Overview¶
Azure Monitor provides a full stack monitoring solution for your applications and infrastructure. This guide provides a structured approach to implementing observability using native Azure tools.
Core Capabilities¶
Azure Monitor collects and analyzes telemetry from your cloud and on-premises environments. It helps you understand how your applications perform and proactively identifies issues affecting them and the resources they depend on.
graph TD
A[Sources] --> B[Azure Monitor]
B --> C[Insights]
B --> D[Visualize]
B --> E[Analyze]
B --> F[Respond]
B --> G[Integrate]
subgraph "Data Platform"
B1[(Metrics)]
B2[(Logs)]
B3[(Traces)]
B4[(Changes)]
end Guide Scope¶
This guide covers the implementation and operational aspects of Azure Monitor. It focuses on:
- Platform Configuration: Setting up Log Analytics workspaces, Data Collection Rules, and Managed Identities.
- Service Monitoring: Specific strategies for AKS, App Service, Functions, and Virtual Machines.
- Operational Excellence: Alerting strategies, dashboarding, and cost management.
- Advanced Troubleshooting: Using Kusto Query Language (KQL) and specialized playbooks.
Target Audience¶
- Platform Engineers: Responsible for the shared monitoring infrastructure and governance.
- Developers: Implementing application-level instrumentation and tracing.
- SRE/Operations: Managing alerts, responding to incidents, and ensuring system reliability.
- Architects: Designing resilient systems with observability in mind.
Structure¶
The guide is organized into logical sections that follow the monitoring lifecycle:
- Start Here: Orientation, role-based learning paths, and repository navigation.
- Platform: Core Azure Monitor architecture, data platform, workspace design foundations, and security concepts.
- Best Practices: Recommended patterns for retention, alerting, access control, tagging, and cost optimization.

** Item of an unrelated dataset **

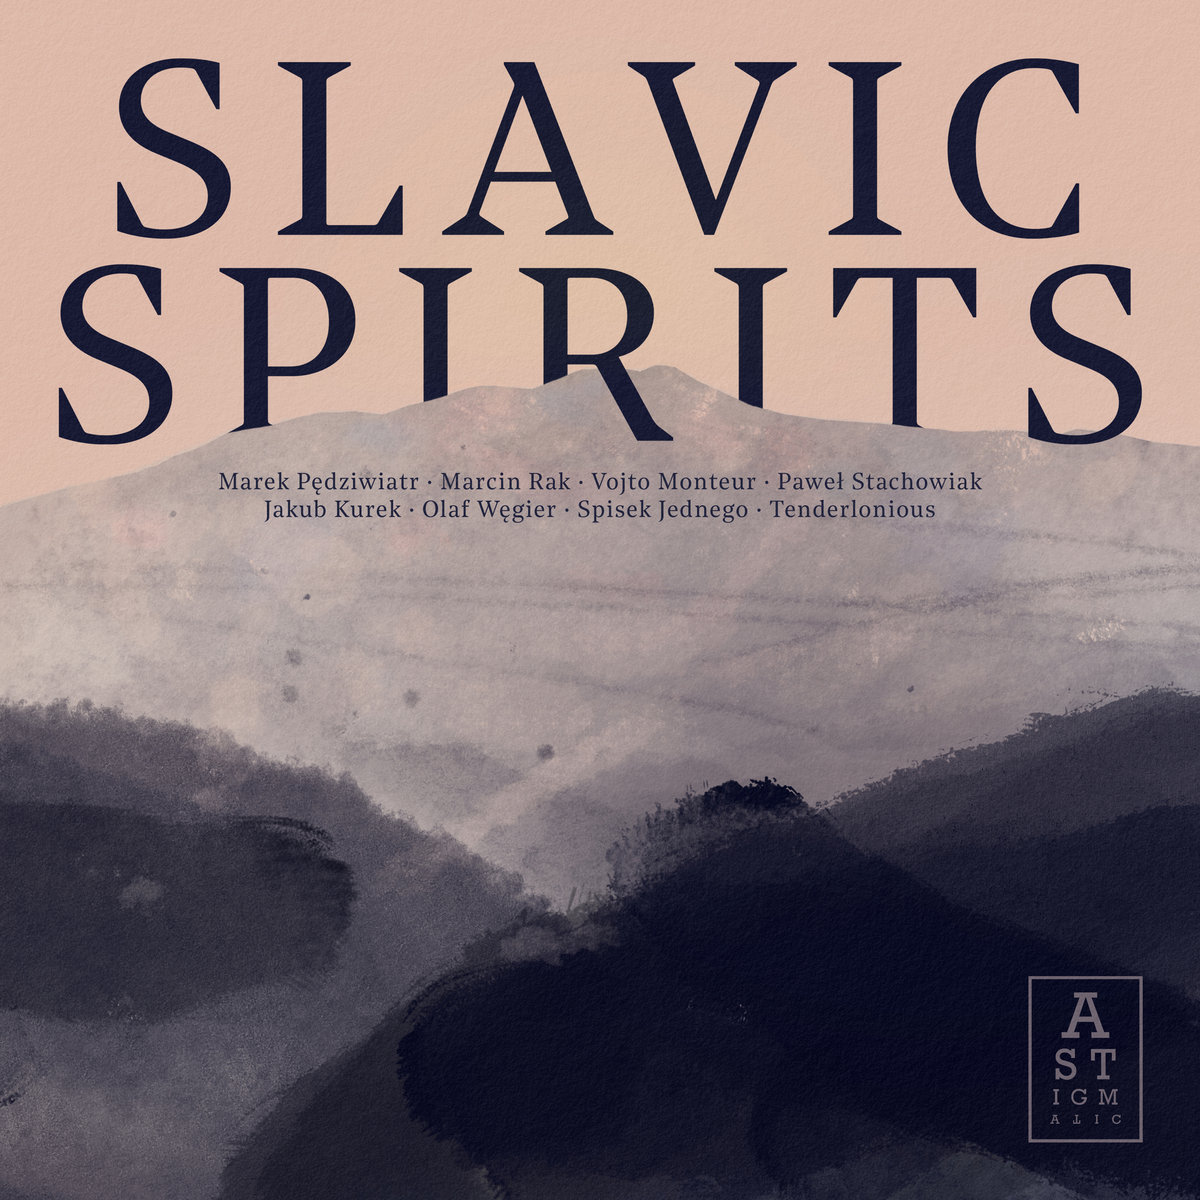 EABS - Slavic Spirits

- Service Guides: Tailored monitoring implementations for App Service, Container Apps, Functions, AKS, and virtual machines.
- Operations: Repeatable day-2 runbooks for workspaces, diagnostics, alert rules, dashboards, exports, and cost control.
- Troubleshooting: Decision trees, evidence mapping, KQL query packs, and incident playbooks.
- Reference: Quick lookup material for CLI commands, KQL syntax, diagnostic tables, and platform limits.